Stubborn. Changes. Embarrassment
I am struggling to write this post only because it is hard sometimes to be honest with yourself and others. This weekend was not great. Quite frankly it was hard. I smile all the time and make sure everyone is aware that life is great. Big anniversary coming up…ignore the signs, it will go away that’s my philosophy.
Unfortunately life unfolds. This weekend I had a shift with my DBS and Dystonia. What happenned? Why? We may never know but I have to say this time I couldn’t ignore the tremors, the limp, all of it….there, shaky, me.
As I am writing this, I am embarrassed to admit I am human, to admit I had to have friends take care of me, to admit that sometimes I am stubborn and to admit I have dystonia. I was so angry this weekend. It wasn’t in outlook 🙂 My friends were amazing, they all pretended they didn’t see the symptoms. Things are better now but I am still a little embarrassed.
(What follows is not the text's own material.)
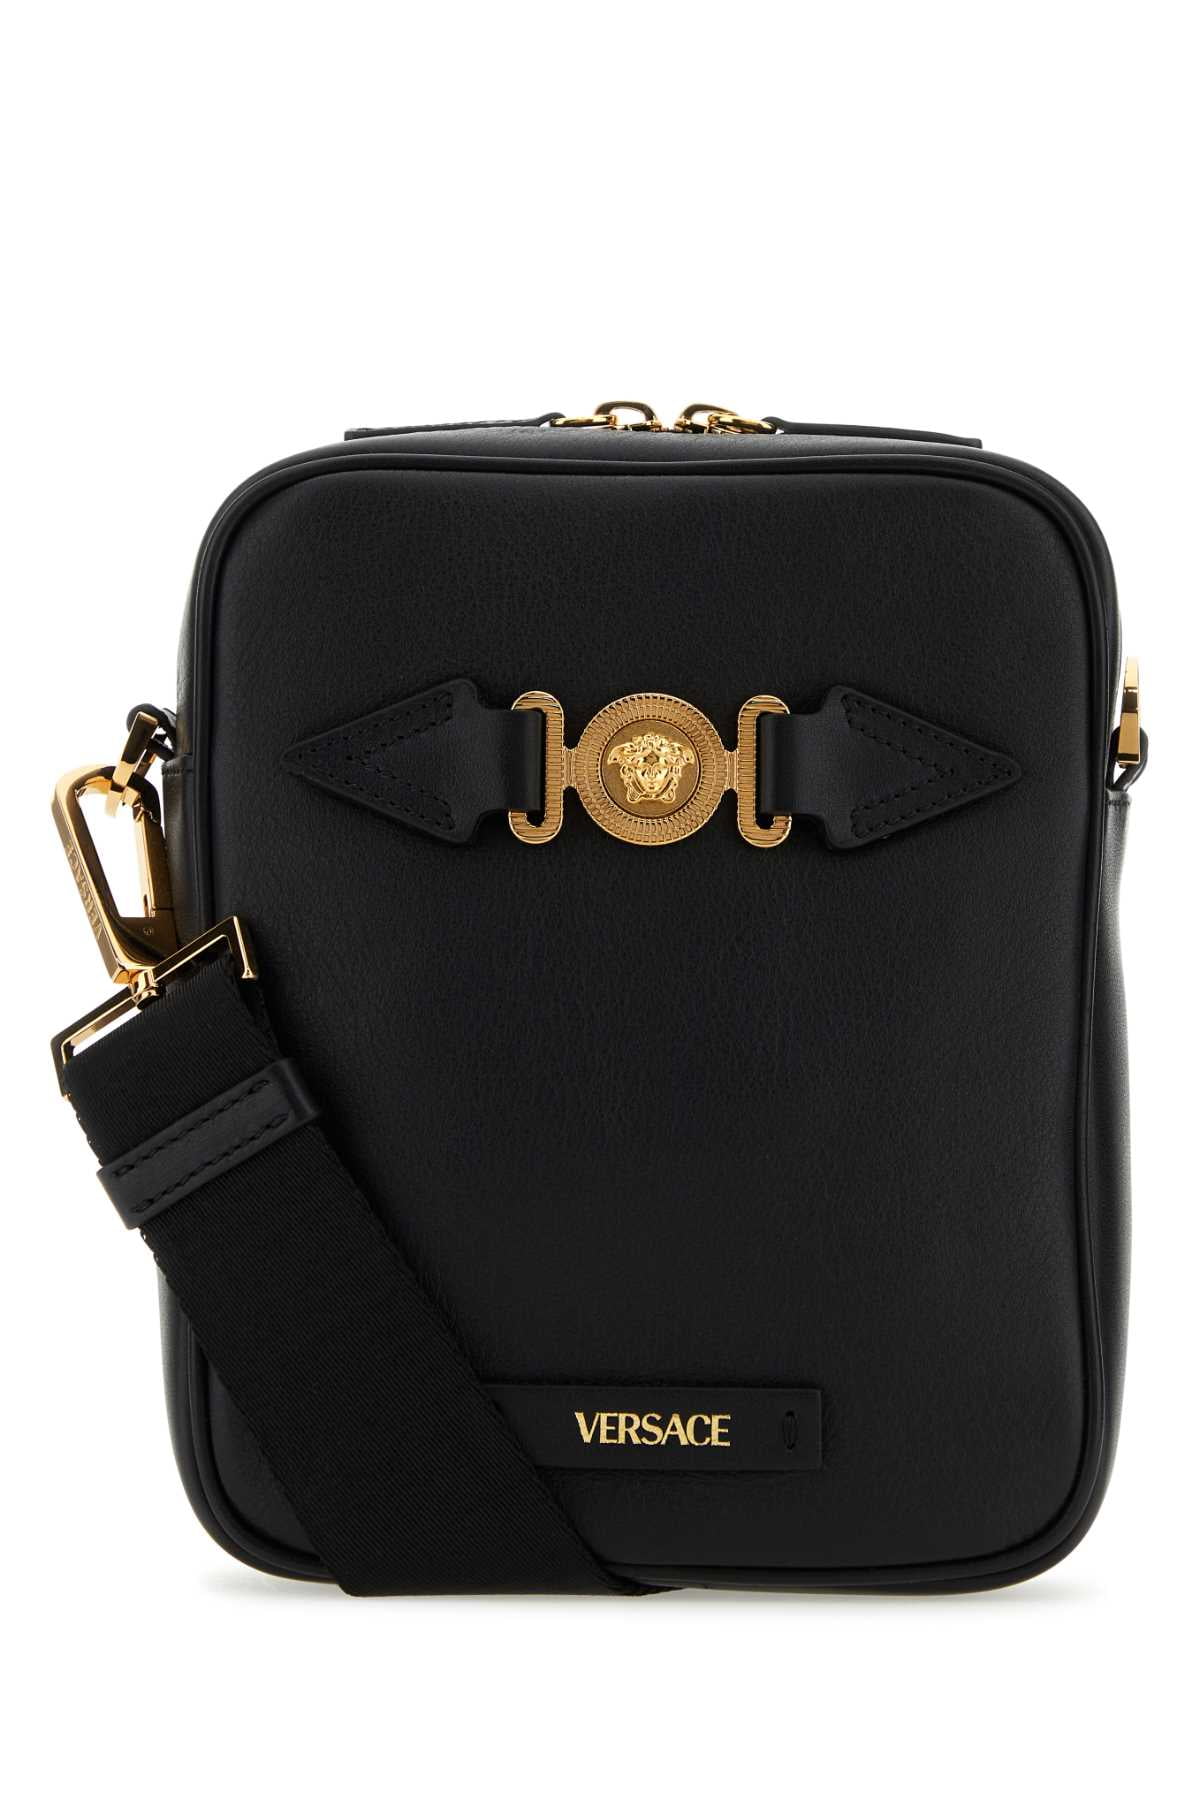 Versace Medusa Biggie Small Crossbody Bag for Men

This week’s blog was supposed to be about how my parents raised me to be a strong person…as my mom always said – I don’t know where you got the strength and courage to go to school in North Carolina, go to Wall Street and kick butt and go to Stanford … sometimes my strength is also my downfall…thinking i can will away a disease or beat it…I can’t will this one away but I should learn to work with my limitations.
This may be one of the hardest blogs I have written to admit I am human, to admit I can’t plan it all. To admit I had to rely on others to take care of me. Matt, Liz, Stan – you are all winning – the jokes, the conversations, pretending not to see me shaking and the support…thank you for making me feel “normal”.